There is a high demand for invitro diagnosis (IVD) test kits for various diseases in ASEAN and this technology is suited to provide product support to commercialise IVD test kits especially for public health problems faced in ASEAN. Produced under ISO13485 certified production, the IVD tests have high sensitivity and specificity, especially supporting the specific types of local ASEAN microorganisms detection. The technology services have supported the production of test kits for infectious disease for specific conditions such as Covid-19 and Leptospirosis.

There are varieties of detection platforms which has been used in clinical laboratory system in hospital and clinic in remote areas. However, to improve the quality of produced IVD test kits,  standarised production process under the ISO13485 requirements are provided. Until now, the IVD test technologies that the technology provider can support include:

1. Lateral flow-based assay test kit
2. Immunological-based diagnostic test kits
3. Biomolecular detection for IVD

By providing standardised production facility, the technology provider is able to service the following potential applications: 

• Produce the highest risk class of IVD test kits that professionals require and can be widely used in Clinical Laboratory Analysis or Medical Technology Units for laboratory diagnosis services in hospitals.
• Produce IVD test kits for home use such as Point of Care Testing kits which offers personal care with easy-to-read and yourself analysis.
• Test kits needed for the veterinary and food-supporting industries.

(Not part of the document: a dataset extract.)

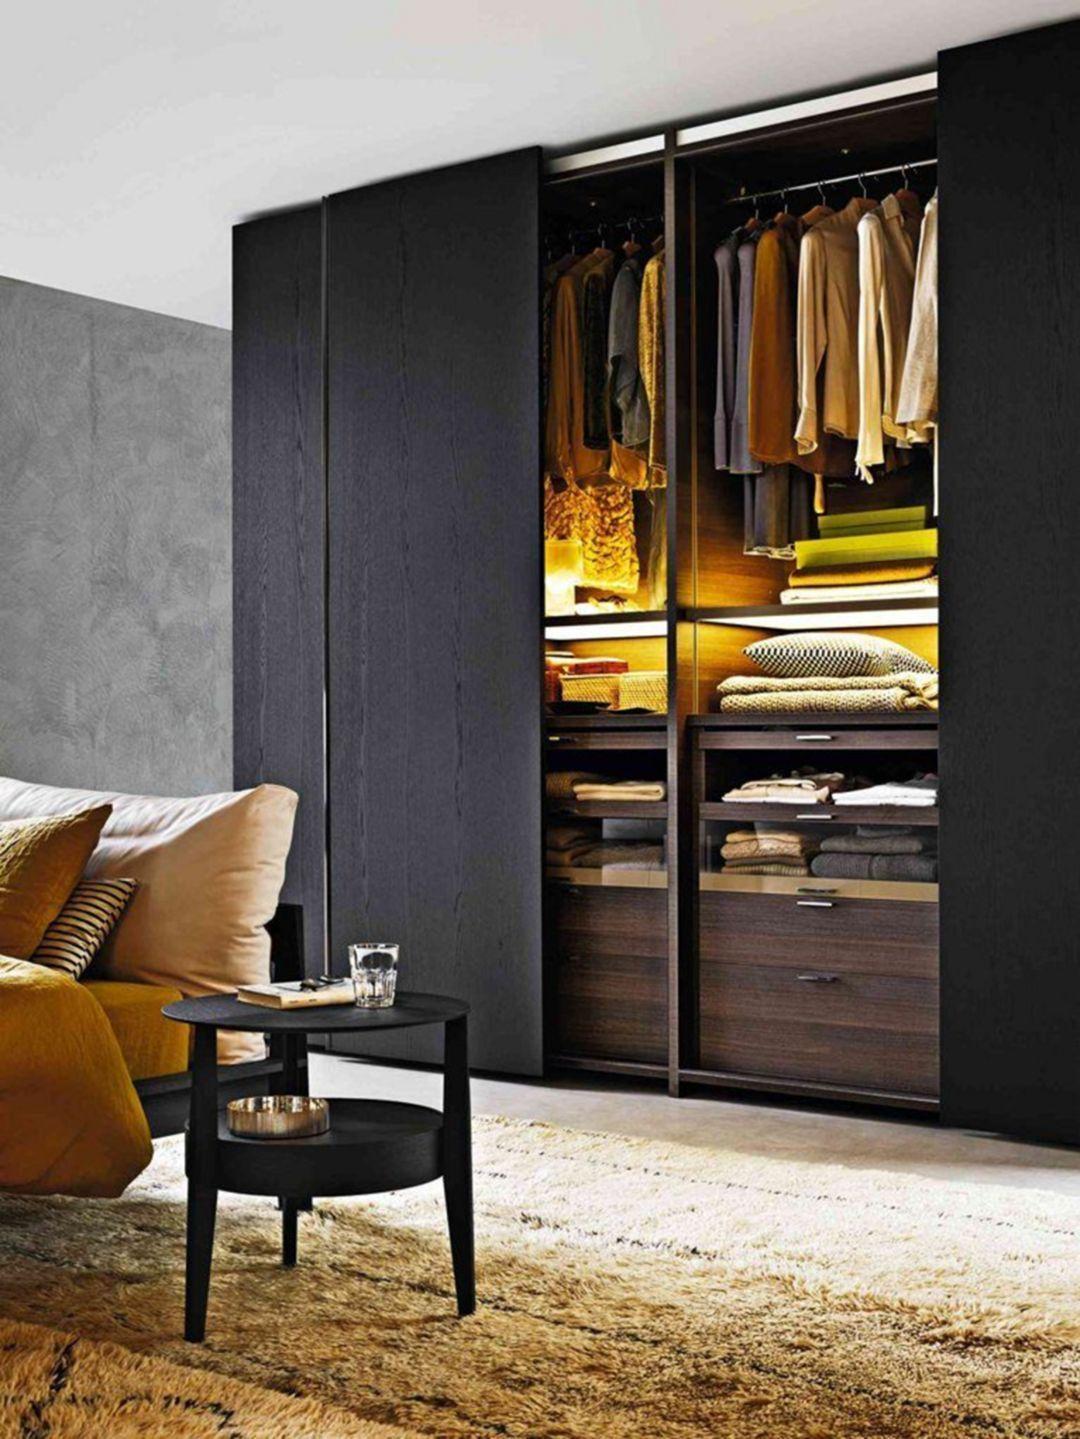 Top 30 Modern Wardrobe Design Ideas For Your Small Bedroom Decoor Wardrobe Design Bedroom Wardrobe Design Modern Bedroom Closet Design

Supported under the Center of Excellent in Medical Innovative Development and Accelerating Support for Commercialization (MIDAS Center), the Technology Acelerator specifically designed to empower resarchers in advancing their medical IVD test kits. The technology provider focuses on taking research and innovation to IVD product development, ensuring all kits meet the international standards and can gain FDA approval worldwide.